Keywords: Enterobacter hormaechei, Respiratory disease, Calf, Drug resistance
Background
Enterobacter hormaechei (E. hormaechei) is a species of oxidase-negative gram-negative rods that was first identified as a unique species in 1989 [1]. E. hormaechei is widespread in many environmental niches [2]. It is commonly considered a causative pathogen of nosocomial infections [3, 4], and it does not usually cause diseases in animals other than humans. To date, only two strains associated with disease in domestic animals have been reported: one strain of E. hormaechei associated with uterine infection has been identified from a dead fox [5] and another strain from the excrement of piglets with diarrhea has been isolated [6]. However, there is little evidence of E. hormaechei with disease in calves. In this work, we describe the first E. hormaechei clinical isolates from lung sample and nasal secretion in the calves. To our knowledge, this is the first isolation of this pathogen associated with respiratory disease in ruminants.
Case presentation
Many species of bacterium, such as Pasteurella multocida, Mannheimia haemolytica, Mycoplasma bovis, and Histophilus somni, have been identified as common pathogens involved in the bovine respiratory disease complex. The aim of this report was to present pathological, microbiological, and sequence findings in a case of naturally occurring respiratory disease with E. hormaechei in two calves from backyard farms in the mountainous area of southern Henan Province in central China.
One 2-month-old calf (calf A) was observed to be severely sick and developed high fever (41.5~41.8 °C), depression, and reduced activity in Fangcheng City in December 2018. Further rural veterinary examination of the diseased animal showed profuse foul-smelling nasal discharge and deep abdominal respiration. It was diagnosed with bovine respiratory disease (Additional file 1). The calf was treated with penicillin G (Zhusheyong Qingmeisuna, North China Pharmaceutical Group) with 1 × 104 IU per kg of b.w. in a single dose given as two doses/day for 5 days, but it died 5 days after the initiation of treatment. Then, the partial lung sample was transported to our laboratory (nearly 100 km away from the farm) for histopathological analysis and pathogen isolation by the streak plate method using a nutrient agar plate [5, 6], and after PCR detection [5, 6] and sequencing analysis of ten isolates the results showed only one species of bacterium was isolated. Further, the representive strain (HN18447) was then subjected to drug sensitivity tests and biochemical tests [5, 6]. One week later, at the same farm another 4-month-old calf (calf B) showed similar clinical signs (41.3–41.5 °C). Nasal discharge samples from this calf were also transported to our laboratory for drug sensitive testing [5, 6], and a sensitive antibiotic (enrofloxacin) (Zhusheyong Qingmeisuna, North China Pharmaceutical Group) with 2.5 mg per kg of b.w. in a single dose given as two doses/day for 5 days was chosen for the treatment of calf B. After a week of treatment, the diseased animal recovered from its respiratory infection. Sequencing analysis of ten isolates also showed only one species of bacterium was isolated, then the representive bacterial strain (HN18449) isolated from the nasal discharge was analyzed in depth as were the strains isolated from the lungs of calf A.

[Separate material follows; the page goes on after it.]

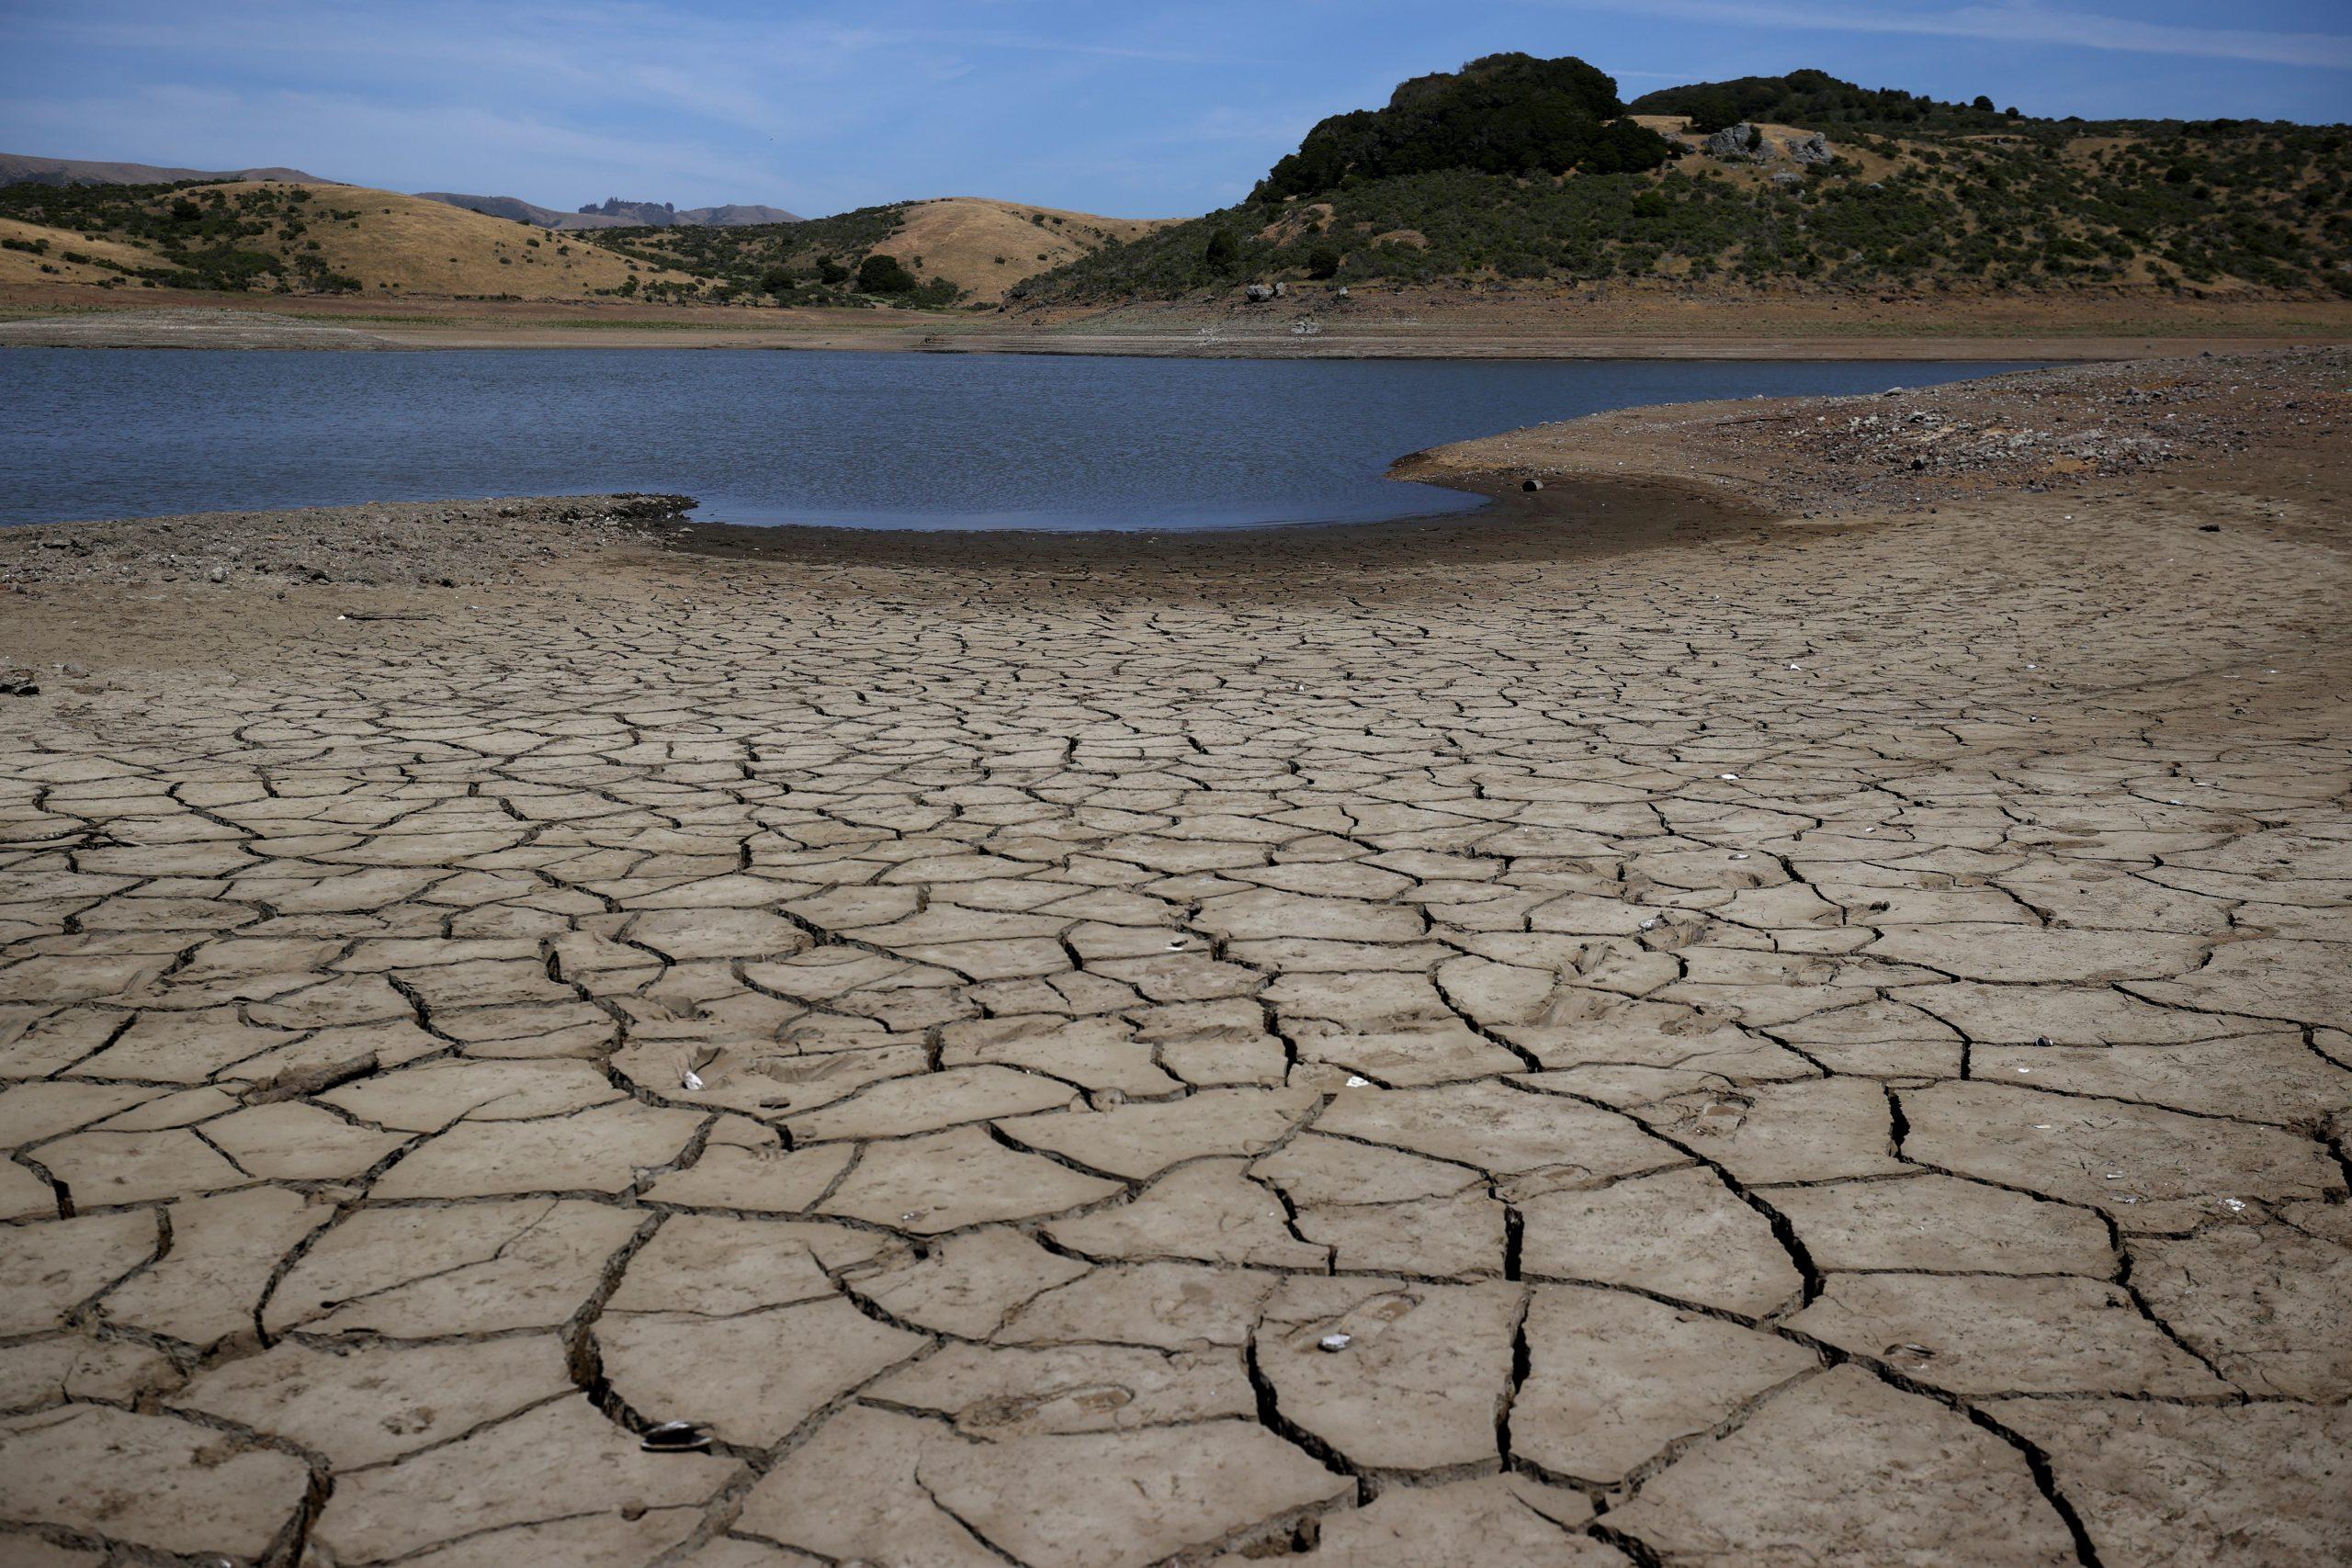 Western U.S. in Water Distress

Histopathologically, the alveoli septum in the lungs of calf A was significantly thickened, and a large number of inflammatory cells, mainly neutrophils, were infiltrated. Erythrocyte diapedesis was observable around the pulmonary alveoli septum (Fig. 1).
Lung and nasal discharge samples obtained from the two calves yielded colonies on 5% horse serum nutrient agar after 16 h of incubation at 37 °C according to culture methods in the previous research [5, 6]. The bacterial isolates were gram-negative and oxidase-negative, compatible with the general characteristics of the genus Enterobacter. The general primer set was used to assess the 16S rRNA gene of the all isolates [7]. Then the amplified products were recovered from the agarose gel using a gel extraction kit (Omega Bio-Tek, China), and the purified amplicons were directly sequenced in both directions using an ABI automated A373 sequencer (ABI, US). The sequence data of the 16S rRNA gene of 20 isolates from calf A and calf B indicated that all were included in the same species, and the sequences of two representive strains were deposited in GenBank under accession numbers MK774673 and MK774674. Lastly, all of the sequences were compared to the NCBI databases using a BLAST search. The BLAST results showed that the two representive strains were both E. hormaechei, and the 16S rDNA sequences shared 100% identity to the strains isolated from humans. The sequencing results of the 20 isolates indicated no other bacteria were isolated.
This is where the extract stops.